Димка сидел на завалинке и думал. Дед Егор чинил сеть. Ласка, сибирская лайка, мышковала по огороду. Все были заняты делом, и даже лето, пахнущее рекой и луговыми травами, тоже не ленилось, ткало новые листья на кустах и деревьях, нянчило в гнездах пискунов, купало в звонком плесе ребятишек, наливало солнечной мякотью малину, аукало в грибных колках женскими голосами… А Димка все думал…
Вчера на сеновале, ложась спать, он услышал от деда, что всякая животина имеет свой разум и понимает человеческий язык. Гусь — умен, цену себе знает, а посему ходит важно, как генерал; свинья — с виду глупа, рыло длинное, лба нет, глазки пустые — свинец тяжелый, но память у нее хорошая — обидчика на всю жизнь запоминает; самая глупая скотинка, говорит дедушка, курица — под себя гребет, а зачем — не знает…
Верно! Правду говорит дедушка, Димка и сам замечал… вот хотя бы Ласка. Соскучится за ночь — утром бежит ластиться, улыбается во все зубы. Ну, прямо-таки человек! А Серко? Протянешь ему на ладошке кусочек сахара, он осторожно — одними губами — возьмет и потом долго кивает головой, благодарит. Вообще, дедушка считает, что лошадь самая умная и понятливая животина на земле, потому как она всегда в работе с человеком вместе.

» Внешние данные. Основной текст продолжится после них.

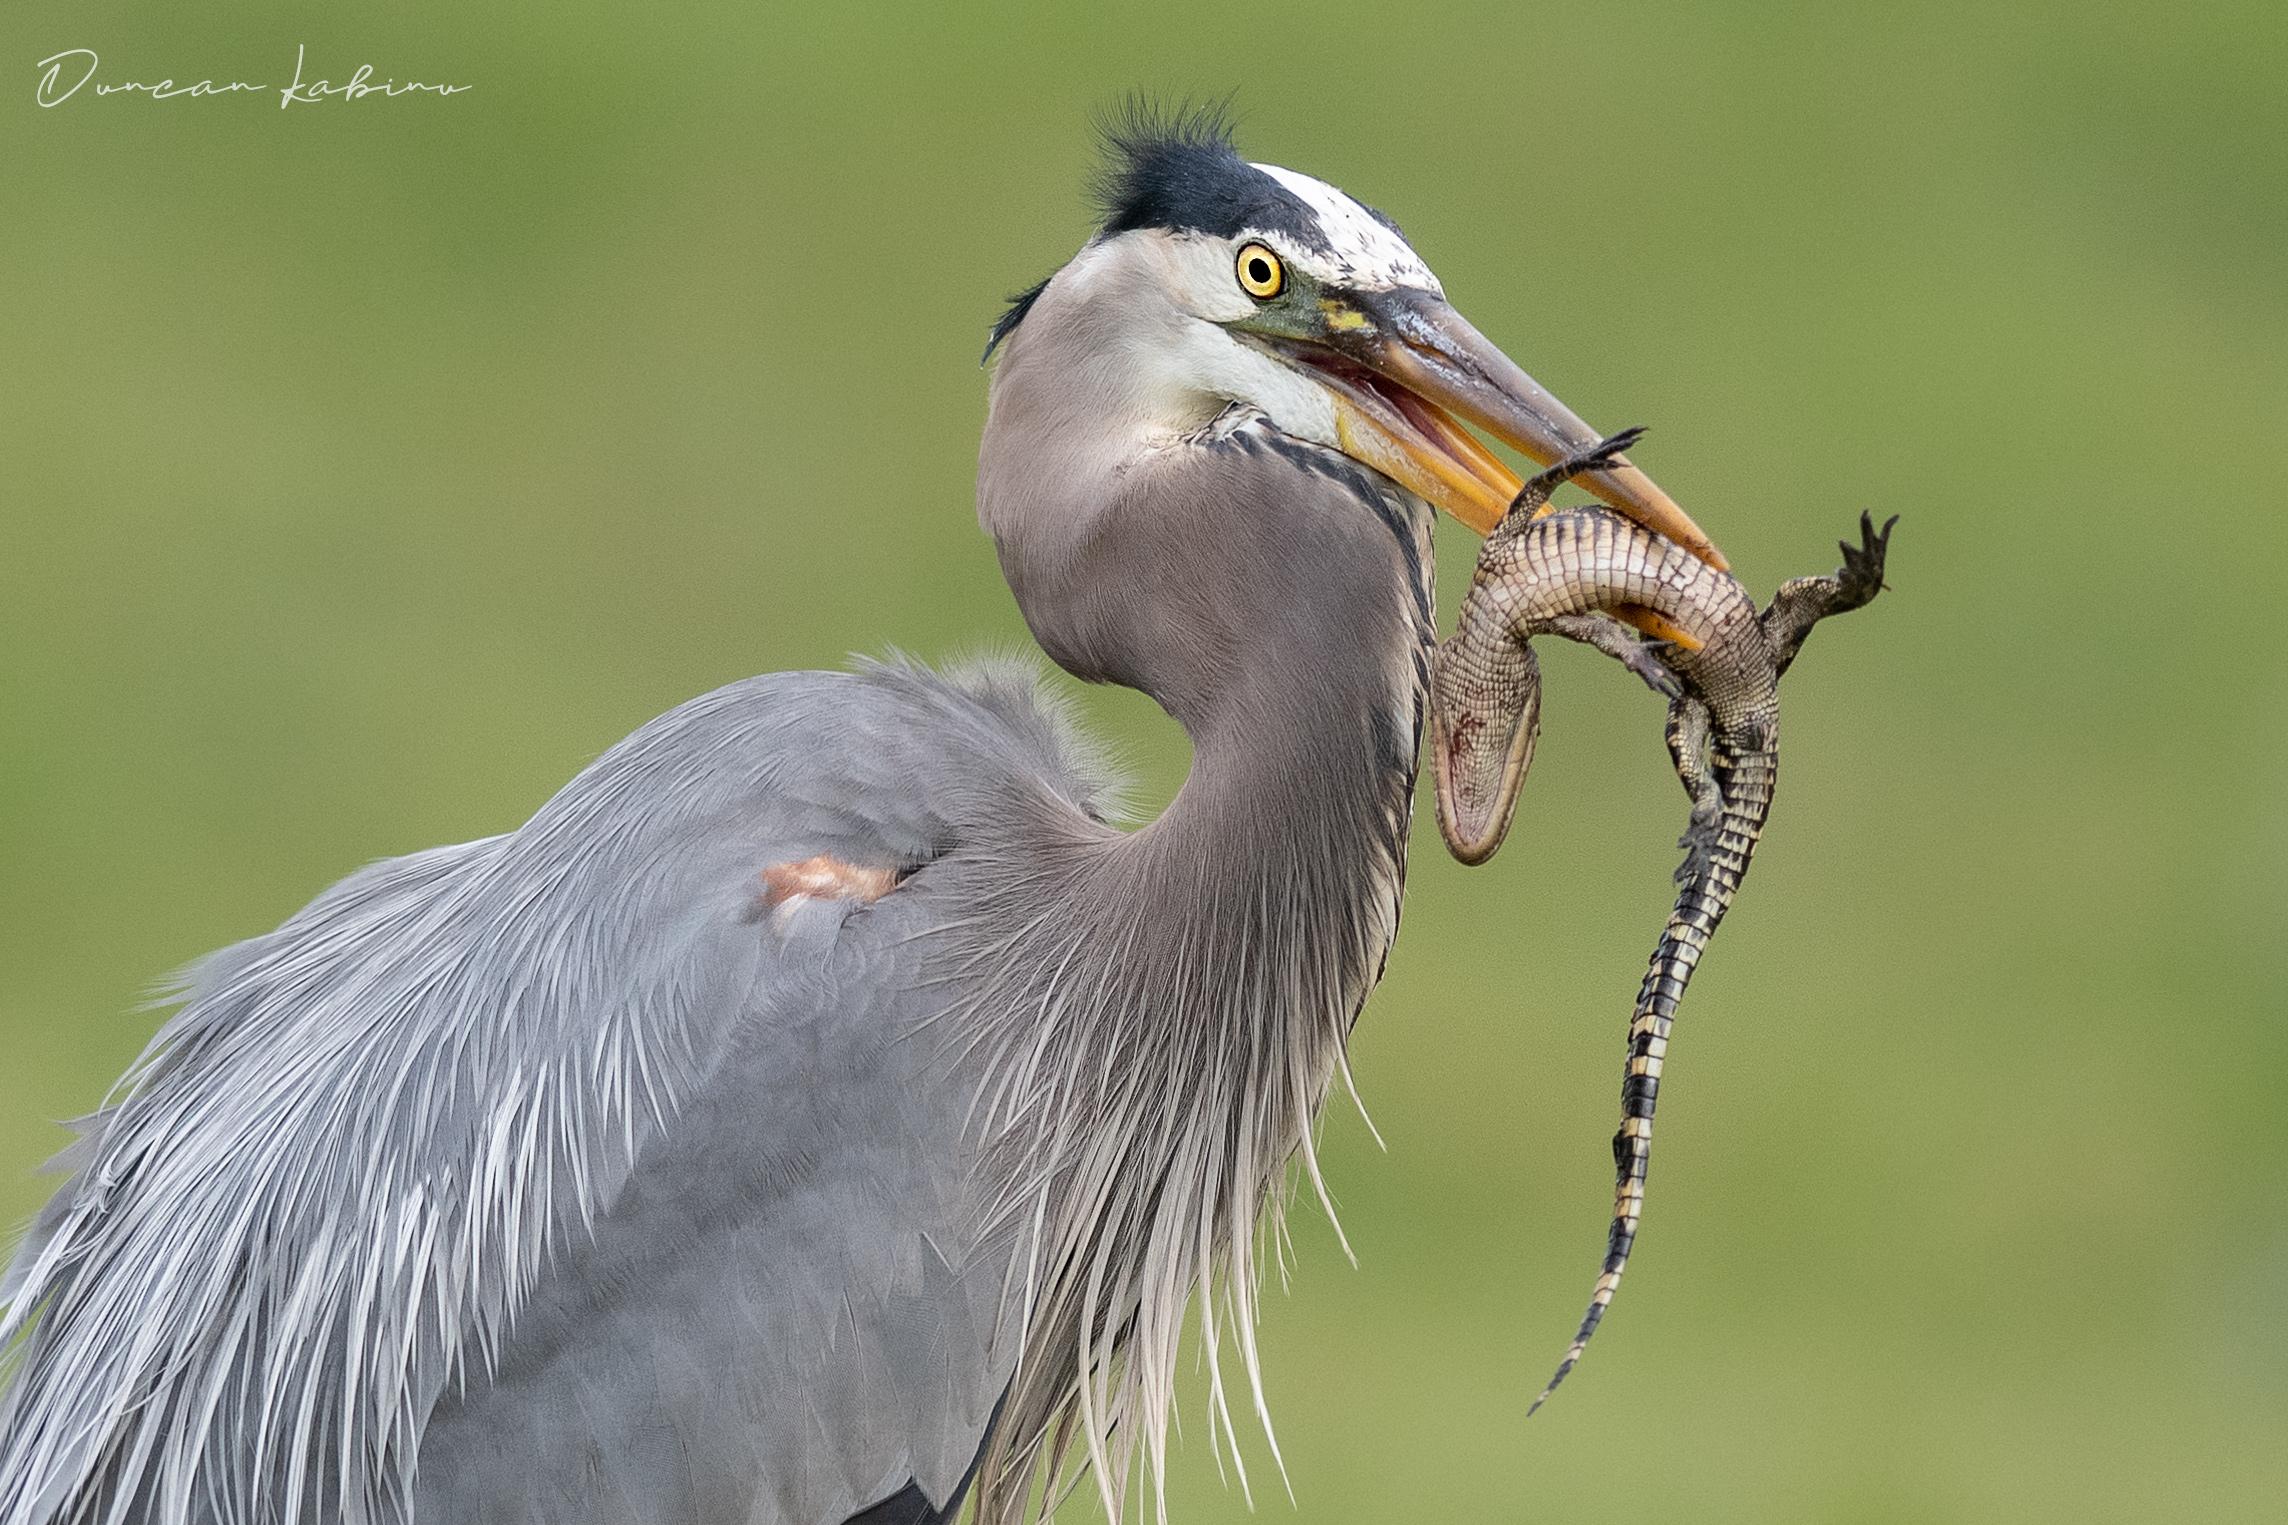 Heron eating a baby alligator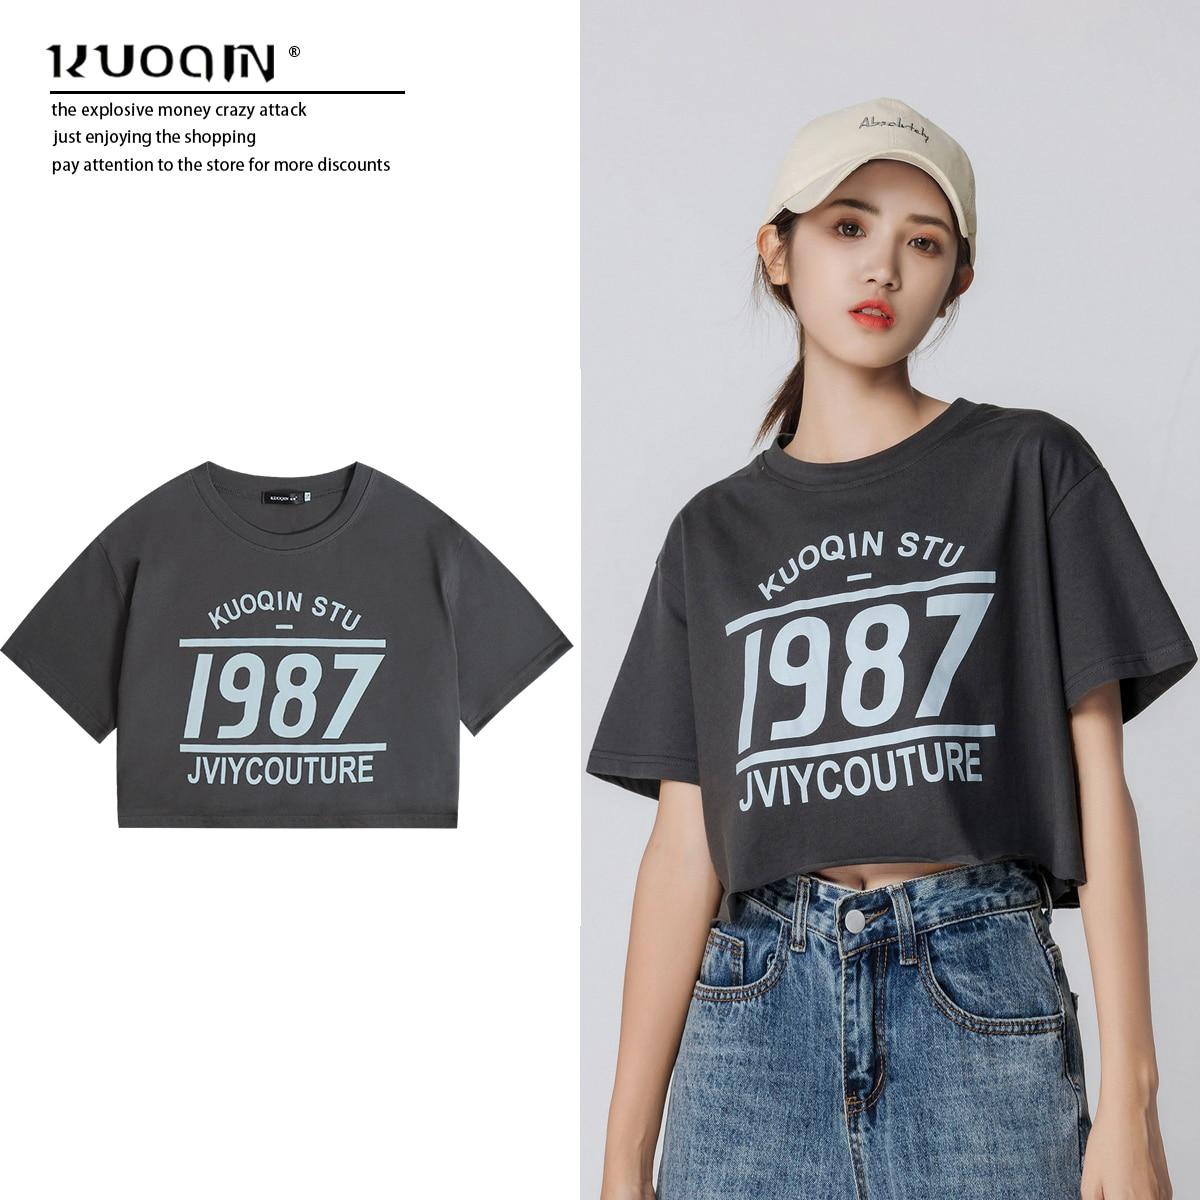 High Waist Pure Cotton Short-Sleeved T-shirt Women's Ins Super Popular Chic Elegant Short Top with W

Она и человека доброго за версту узнает, а недоброго, как волка, чует…
— Дедунь, а дедунь, расскажи о лошадях…
Дед большой охотник до разговоров, особенно с внуком. А как же иначе?! Кому как не своему внуку-последышу поведать то, что накопилось за далями и дорогами его жизни.
— Ну слушай, — откликается на просьбу дед. — Слушай да сетешку придерживай — за разговором и дело скоротится.
Лицо у деда морщинистое, в бородавках, суковатое, весь он будто из дерева выпилен: борода, что у лешего — редкая и длинная, мшистая, глаза — навыкат, удивленные и счастливые, до сих пор синька в глазах не пропала. Неказист с виду дедуня. Роста небольшого, руки длинные, черные, жилистые, будто корни… Но Димка своего дедушку любит и знает, что он в войну с фашистами смело воевал, что его уважают сельчане, что на нем дом держится…
— Было это в мое малолетство, — медленно начинает дед, — помогал, значит, я батрачить отцу своему, Гавриле Павловичу, пас на батамайских лугах с соседским кирюхой кулацких лошадей. Табунок у нас — голов пятнадцать.
Лето ласковое было, трава густая, сытая. Ночью в небе звездочки порхают, рыба в реке играется… Хорошо в ночном!